## [TRY IT]
Check each line of the records below and collect those that include the word "from".

## [MATERIAL FOR THE TASK]
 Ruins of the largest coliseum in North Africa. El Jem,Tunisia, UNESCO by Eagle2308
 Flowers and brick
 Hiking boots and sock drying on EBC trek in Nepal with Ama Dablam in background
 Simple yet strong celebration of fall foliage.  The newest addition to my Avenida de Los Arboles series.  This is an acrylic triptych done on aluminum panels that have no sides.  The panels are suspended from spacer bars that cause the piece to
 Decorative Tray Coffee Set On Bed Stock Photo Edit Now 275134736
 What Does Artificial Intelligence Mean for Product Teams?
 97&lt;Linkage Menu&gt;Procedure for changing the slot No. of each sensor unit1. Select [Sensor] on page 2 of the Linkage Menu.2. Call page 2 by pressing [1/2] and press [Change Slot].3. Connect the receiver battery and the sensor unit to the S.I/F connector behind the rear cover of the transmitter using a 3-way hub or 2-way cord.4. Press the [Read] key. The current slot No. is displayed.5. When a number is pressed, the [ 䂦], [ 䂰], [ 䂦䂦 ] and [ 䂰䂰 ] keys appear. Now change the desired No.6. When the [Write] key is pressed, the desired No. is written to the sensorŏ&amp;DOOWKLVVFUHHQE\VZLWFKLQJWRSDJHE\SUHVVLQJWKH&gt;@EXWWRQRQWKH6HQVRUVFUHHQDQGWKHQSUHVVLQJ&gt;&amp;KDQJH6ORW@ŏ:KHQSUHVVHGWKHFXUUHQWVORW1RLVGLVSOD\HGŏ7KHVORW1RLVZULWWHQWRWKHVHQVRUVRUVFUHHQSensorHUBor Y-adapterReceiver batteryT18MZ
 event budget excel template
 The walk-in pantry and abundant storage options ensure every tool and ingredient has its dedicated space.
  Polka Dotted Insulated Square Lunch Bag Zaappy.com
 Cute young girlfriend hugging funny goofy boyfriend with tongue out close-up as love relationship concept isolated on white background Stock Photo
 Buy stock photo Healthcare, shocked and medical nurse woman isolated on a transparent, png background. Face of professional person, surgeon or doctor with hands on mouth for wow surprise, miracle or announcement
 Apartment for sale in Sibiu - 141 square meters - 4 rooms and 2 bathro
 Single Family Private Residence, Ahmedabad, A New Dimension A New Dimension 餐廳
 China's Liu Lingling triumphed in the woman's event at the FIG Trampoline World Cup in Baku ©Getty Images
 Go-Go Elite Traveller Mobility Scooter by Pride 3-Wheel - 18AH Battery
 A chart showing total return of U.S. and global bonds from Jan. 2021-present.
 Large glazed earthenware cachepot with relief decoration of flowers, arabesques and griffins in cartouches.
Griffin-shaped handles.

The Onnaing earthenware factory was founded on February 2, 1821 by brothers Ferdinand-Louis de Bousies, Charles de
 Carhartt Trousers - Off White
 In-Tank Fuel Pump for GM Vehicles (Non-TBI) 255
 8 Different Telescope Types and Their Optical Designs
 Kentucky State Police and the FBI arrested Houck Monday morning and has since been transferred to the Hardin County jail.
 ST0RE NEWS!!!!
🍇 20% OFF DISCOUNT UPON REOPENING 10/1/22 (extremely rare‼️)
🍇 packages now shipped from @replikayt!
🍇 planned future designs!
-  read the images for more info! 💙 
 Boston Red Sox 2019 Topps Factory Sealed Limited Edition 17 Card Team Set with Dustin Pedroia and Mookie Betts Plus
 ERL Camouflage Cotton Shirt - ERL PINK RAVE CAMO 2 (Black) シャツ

## [WRITTEN RESPONSE]
 Simple yet strong celebration of fall foliage.  The newest addition to my Avenida de Los Arboles series.  This is an acrylic triptych done on aluminum panels that have no sides.  The panels are suspended from spacer bars that cause the piece to
 A chart showing total return of U.S. and global bonds from Jan. 2021-present.
🍇 packages now shipped from @replikayt!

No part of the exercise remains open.